- [Instructions to follow] An exact repetition of the data below, without images, is the expected answer.

- [Data provided]
------------

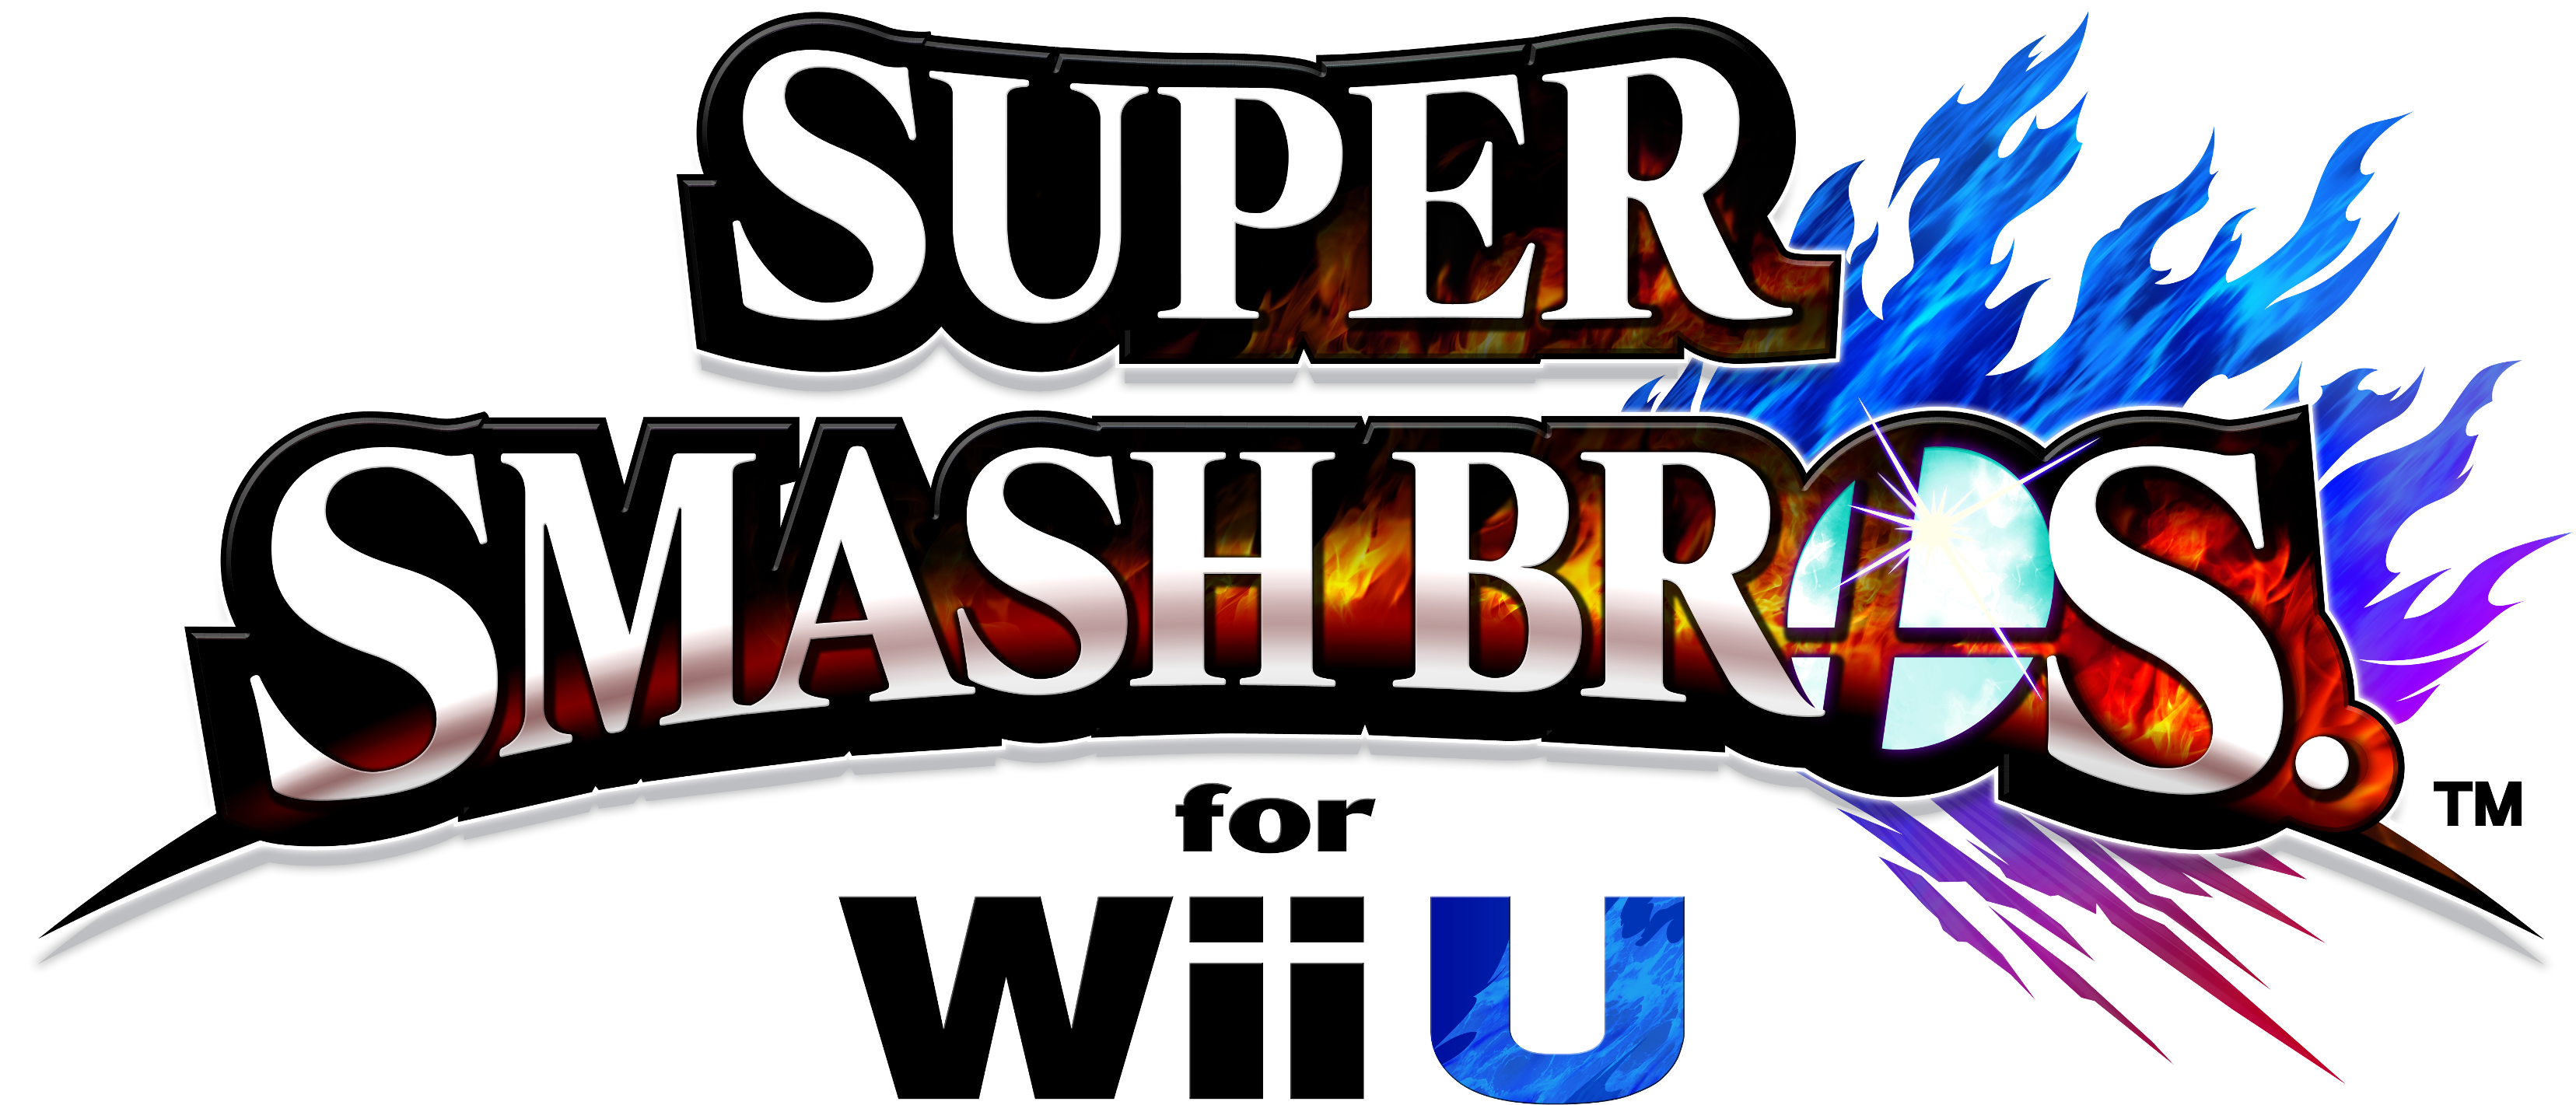 Super Smash Bros. Logo PNG صورة مجانية
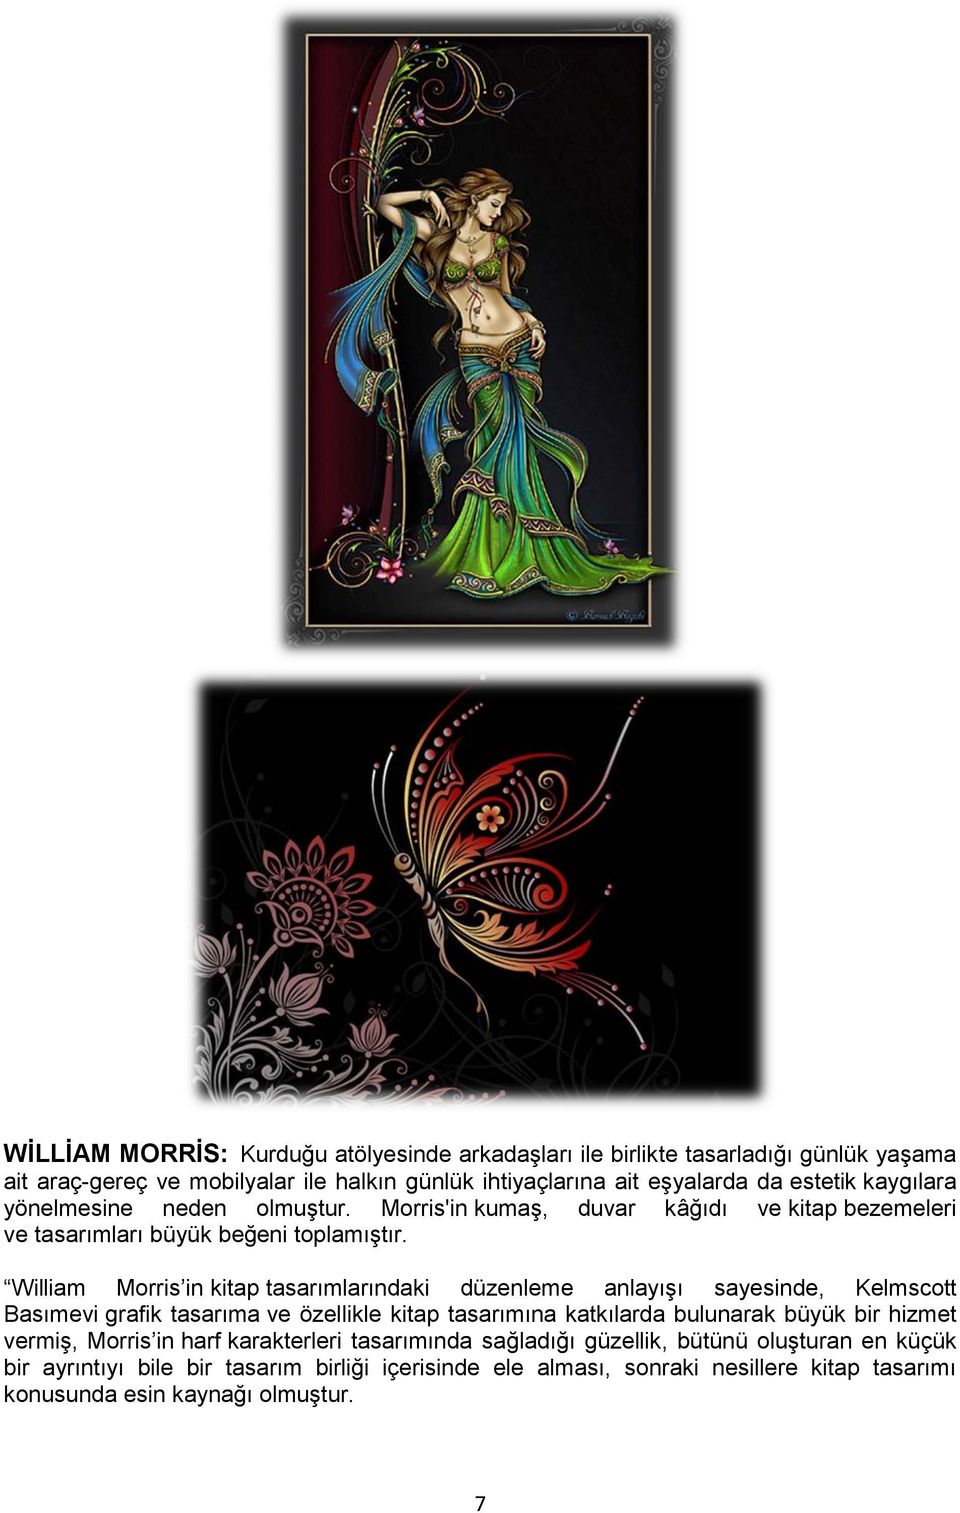 William Morris in kitap tasarımlarındaki düzenleme anlayışı sayesinde, Kelmscott Basımevi grafik tasarıma ve özellikle kitap tasarımına katkılarda bulunarak büyük bir hizmet
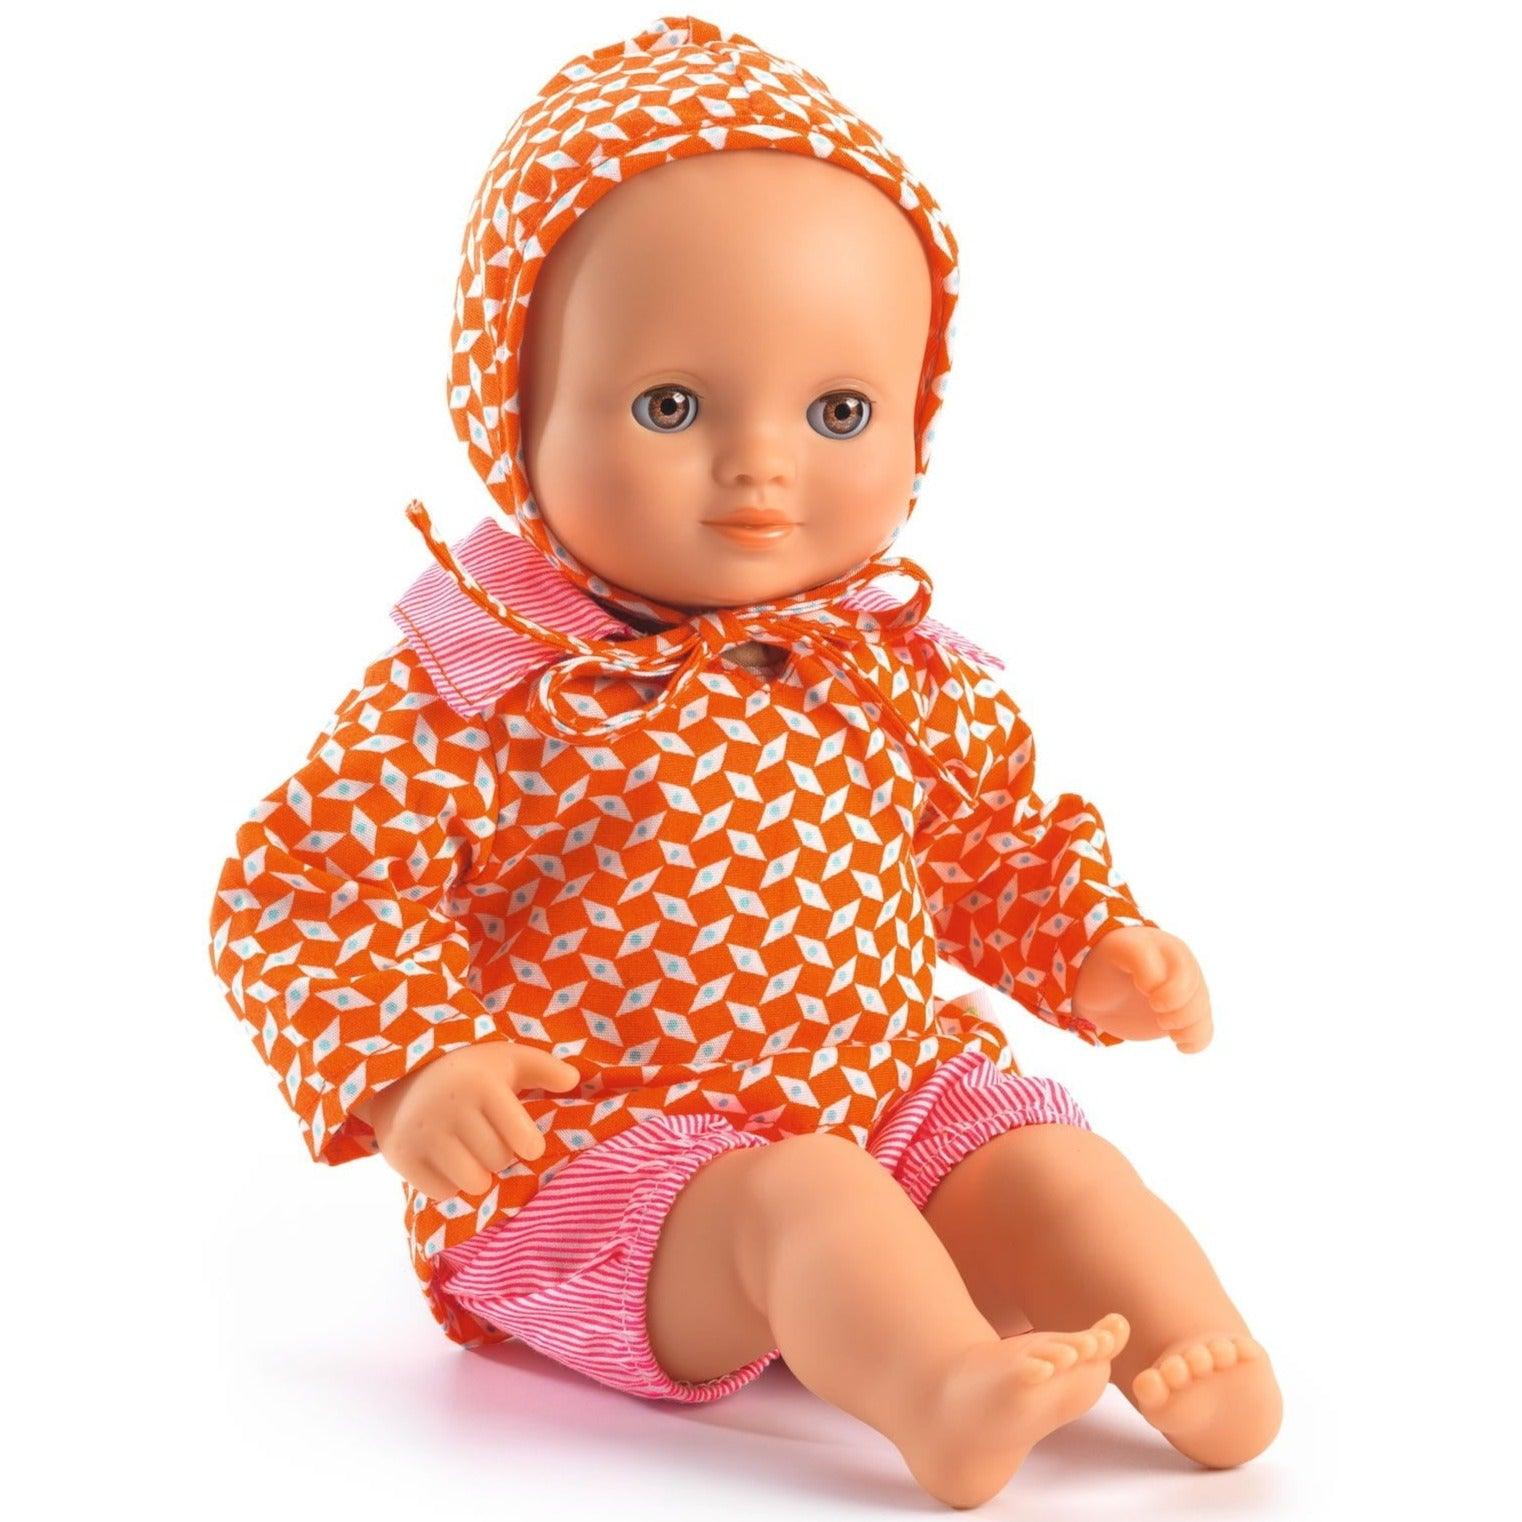 Puma: orange og pink tøj til Petite Pan dukke

------------

- [Reply to the task]
 Super Smash Bros. Logo PNG صورة مجانية
 William Morris in kitap tasarımlarındaki düzenleme anlayışı sayesinde, Kelmscott Basımevi grafik tasarıma ve özellikle kitap tasarımına katkılarda bulunarak büyük bir hizmet
 Puma: orange og pink tøj til Petite Pan dukke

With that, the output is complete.